SHARA HUGHES – BIG INTIMATES
Solo Exhibition
Ornis A. Gallery proudly hosts the solo exhibition ‘Big Intimates’ by American artist Shara Hughes (Atlanta, 1981). The work she made for this show is a little smaller than she is used to. This show will be the first time Hughes makes an entire show of smaller works. Hughes does not restrict herself to working with either abstract or representational forms. She likes to flip between the two, aiming at attaining a constant interaction of the two, thereby mutually informing one another. In her use of colour, however, abstraction and deformation seem to play a major role.
Her works are best described as hallucinating or psychedelic landscapes. The landscapes she paints originate from her own imagination, thereby forming the start for the creation of fictional time and space on canvas. The painted landscapes are not “real” (in the sense that they are physically existing places, so to speak) for they only exist in the mind of the artist. The title of her Feb 2016 show at Marlborough Chelsea was called ‘Trips I’ve Never Been On’; the trips Hughes invites us to are trips that take us to specific states of mind.
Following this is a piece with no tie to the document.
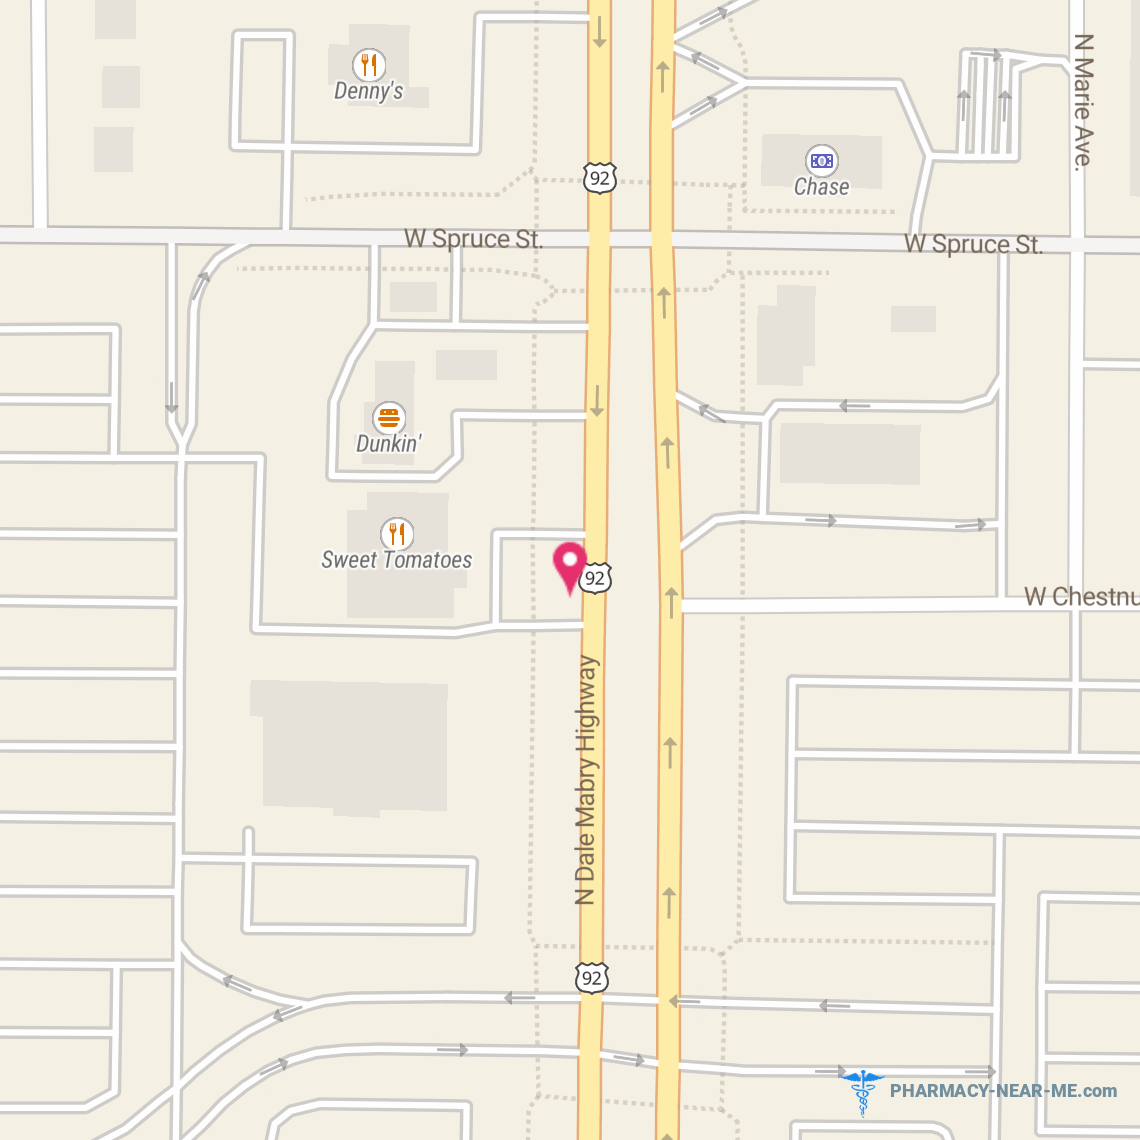 CVS PHARMACY #17132 - Pharmacy Hours, Phone, Reviews & Information: 1544 North Dale Mabry Highway, Tampa, Florida 33607, United States

The use of color in Shara’s work obviously plays an important role in the definition of her work, for it creates this characteristic dreamlike, expressionist, cinematic or narrative-like panoramic views. The colors Hughes chooses are very intuitive. From painting to painting, she tries to makes sure the palette is different. Hughes considers color very important because it has the ability to set a certain mood without having to spell it out with subject matter. Specifically with landscapes, light is very important according to Hughes, for it sets the time of the day. She is interested in being able to stretch this idea from what we normally think. For example, making a nocturnal scene with pastels, or darker colors to describe morning or afternoon.
Another recurring element in her work is the peep-through perspective or the framework in the painting itself. This calls attention to paintings just being framed experiences of illusions. Furthermore, Hughes likes the idea of telling the viewers where they stand. When we look at her work, we always have to look through some sort of frame or window in order to enter a new or unfamiliar reality: the artist’s imagination or psyche. Another component of this aim is that Hughes plays with all sorts of perspectives. She makes clear that she is the artist and that she makes deliberate choices concerning the use of color and space; she is in charge when it comes to shaping new realities. Fore- and background as well as consciousness and unconsciousness seem to merge, creating illusionistic shapes and spaces and testing the truthfulness of our perception.
Shara Hughes is based in Brooklyn, New York. She graduated from the Rhode Island School of Design (B.F.A.) in 2004. Furthermore, she attended Skowhegan School of Painting and Sculpture, and received a Joan Mitchell Fellowship to attend Vermont Studio Center in Johnson VT, and attended Anderson Ranch artist residency. Shara’s first solo show took place at Rivington Arms in 2007. She was featured as the Spotlight artist in New American Paintings issue 118. Recently, her work was positively reviewed by Artforum and the New York Times.
Solo exhibitions include Marlborough Chelsea, New York; Museum of Contemporary Art, Atlanta; Atlanta Contemporary Art Center, Atlanta; American Contemporary, New York; Rivington Arms, New York; Museum 52, London; Metroquadro, Rivoli; and Galerie Mikael Anderson, Copenhagen. She has participated in group exhibitions at Jack Hanley Gallery, New York; Romer Young Gallery, San Francisco; Coburn Projects, London; Salon 94, New York; Gredier Contemporary, Zurich; and the High Museum of Art, Atlanta, among others.
In February and March 2017, Shara Hughes will have a solo exhibition at the prestigious Gallery Met, New York.